▸ **Task prompt**
Your answer must be every line of the data that holds the string "South".
◆ ◆ ◆ ◆ ◆
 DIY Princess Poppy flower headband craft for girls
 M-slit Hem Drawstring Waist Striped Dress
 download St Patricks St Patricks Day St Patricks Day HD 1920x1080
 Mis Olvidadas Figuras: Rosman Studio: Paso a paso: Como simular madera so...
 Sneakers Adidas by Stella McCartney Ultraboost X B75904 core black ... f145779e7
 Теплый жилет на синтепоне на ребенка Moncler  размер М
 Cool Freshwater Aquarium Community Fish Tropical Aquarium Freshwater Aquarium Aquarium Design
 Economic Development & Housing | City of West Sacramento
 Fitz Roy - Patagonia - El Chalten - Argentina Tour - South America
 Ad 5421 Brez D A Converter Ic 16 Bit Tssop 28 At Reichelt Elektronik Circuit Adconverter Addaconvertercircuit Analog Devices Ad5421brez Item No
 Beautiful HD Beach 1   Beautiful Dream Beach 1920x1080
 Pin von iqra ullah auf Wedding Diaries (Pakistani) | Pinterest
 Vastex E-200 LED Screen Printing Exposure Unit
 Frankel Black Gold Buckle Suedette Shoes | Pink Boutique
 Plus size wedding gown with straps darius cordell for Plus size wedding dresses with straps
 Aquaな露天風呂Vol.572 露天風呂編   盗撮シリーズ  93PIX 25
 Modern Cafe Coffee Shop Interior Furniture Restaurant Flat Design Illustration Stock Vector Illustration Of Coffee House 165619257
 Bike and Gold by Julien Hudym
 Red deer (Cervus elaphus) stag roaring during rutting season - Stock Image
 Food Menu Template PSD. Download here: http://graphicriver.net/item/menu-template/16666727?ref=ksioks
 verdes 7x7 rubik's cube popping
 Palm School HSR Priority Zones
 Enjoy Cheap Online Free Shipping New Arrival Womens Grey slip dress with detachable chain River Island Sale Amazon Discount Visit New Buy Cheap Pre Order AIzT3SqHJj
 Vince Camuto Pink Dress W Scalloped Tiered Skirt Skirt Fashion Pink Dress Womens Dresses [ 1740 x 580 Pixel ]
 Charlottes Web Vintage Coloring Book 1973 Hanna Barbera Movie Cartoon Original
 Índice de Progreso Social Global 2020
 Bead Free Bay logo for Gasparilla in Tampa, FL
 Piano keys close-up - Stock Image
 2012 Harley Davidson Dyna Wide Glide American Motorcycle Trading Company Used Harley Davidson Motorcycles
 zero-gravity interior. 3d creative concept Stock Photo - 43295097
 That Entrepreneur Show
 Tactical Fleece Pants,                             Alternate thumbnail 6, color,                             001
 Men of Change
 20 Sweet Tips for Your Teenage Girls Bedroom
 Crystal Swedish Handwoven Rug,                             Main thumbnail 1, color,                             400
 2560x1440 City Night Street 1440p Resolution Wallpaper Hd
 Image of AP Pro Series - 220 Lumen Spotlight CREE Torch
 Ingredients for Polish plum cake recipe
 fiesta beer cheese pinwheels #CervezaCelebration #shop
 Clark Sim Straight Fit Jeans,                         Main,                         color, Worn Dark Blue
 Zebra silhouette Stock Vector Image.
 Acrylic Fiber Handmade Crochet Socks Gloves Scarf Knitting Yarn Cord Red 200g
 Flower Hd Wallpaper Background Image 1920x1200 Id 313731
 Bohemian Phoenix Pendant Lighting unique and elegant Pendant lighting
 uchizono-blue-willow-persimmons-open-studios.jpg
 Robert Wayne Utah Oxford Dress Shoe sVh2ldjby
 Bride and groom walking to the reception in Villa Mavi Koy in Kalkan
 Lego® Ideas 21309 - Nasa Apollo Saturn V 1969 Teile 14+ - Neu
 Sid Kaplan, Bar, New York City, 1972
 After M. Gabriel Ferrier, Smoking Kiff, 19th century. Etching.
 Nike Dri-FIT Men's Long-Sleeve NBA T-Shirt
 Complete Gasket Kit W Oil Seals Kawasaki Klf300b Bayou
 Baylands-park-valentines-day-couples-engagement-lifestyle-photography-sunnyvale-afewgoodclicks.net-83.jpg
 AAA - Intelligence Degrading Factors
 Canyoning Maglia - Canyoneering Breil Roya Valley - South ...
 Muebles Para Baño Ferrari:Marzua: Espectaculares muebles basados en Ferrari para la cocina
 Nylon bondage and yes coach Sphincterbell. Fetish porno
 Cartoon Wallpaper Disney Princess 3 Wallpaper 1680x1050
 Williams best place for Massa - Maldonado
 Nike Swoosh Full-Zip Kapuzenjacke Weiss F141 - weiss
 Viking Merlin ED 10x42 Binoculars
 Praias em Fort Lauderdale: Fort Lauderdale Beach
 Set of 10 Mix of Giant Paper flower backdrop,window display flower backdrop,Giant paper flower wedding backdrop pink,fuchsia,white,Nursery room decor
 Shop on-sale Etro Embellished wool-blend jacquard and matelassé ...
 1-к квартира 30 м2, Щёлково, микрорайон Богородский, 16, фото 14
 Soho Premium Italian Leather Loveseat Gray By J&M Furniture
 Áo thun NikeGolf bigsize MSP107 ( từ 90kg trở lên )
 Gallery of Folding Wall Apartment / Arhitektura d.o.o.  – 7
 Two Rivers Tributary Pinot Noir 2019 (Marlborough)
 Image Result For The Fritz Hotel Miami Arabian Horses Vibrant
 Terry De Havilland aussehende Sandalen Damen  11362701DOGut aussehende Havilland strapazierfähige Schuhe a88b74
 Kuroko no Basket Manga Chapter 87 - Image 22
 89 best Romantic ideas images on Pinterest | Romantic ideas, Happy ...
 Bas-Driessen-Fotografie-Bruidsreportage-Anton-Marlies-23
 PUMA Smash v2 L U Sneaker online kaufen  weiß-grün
◆ ◆ ◆ ◆ ◆
▸ **Answer for the task**
 Fitz Roy - Patagonia - El Chalten - Argentina Tour - South America
 Canyoning Maglia - Canyoneering Breil Roya Valley - South ...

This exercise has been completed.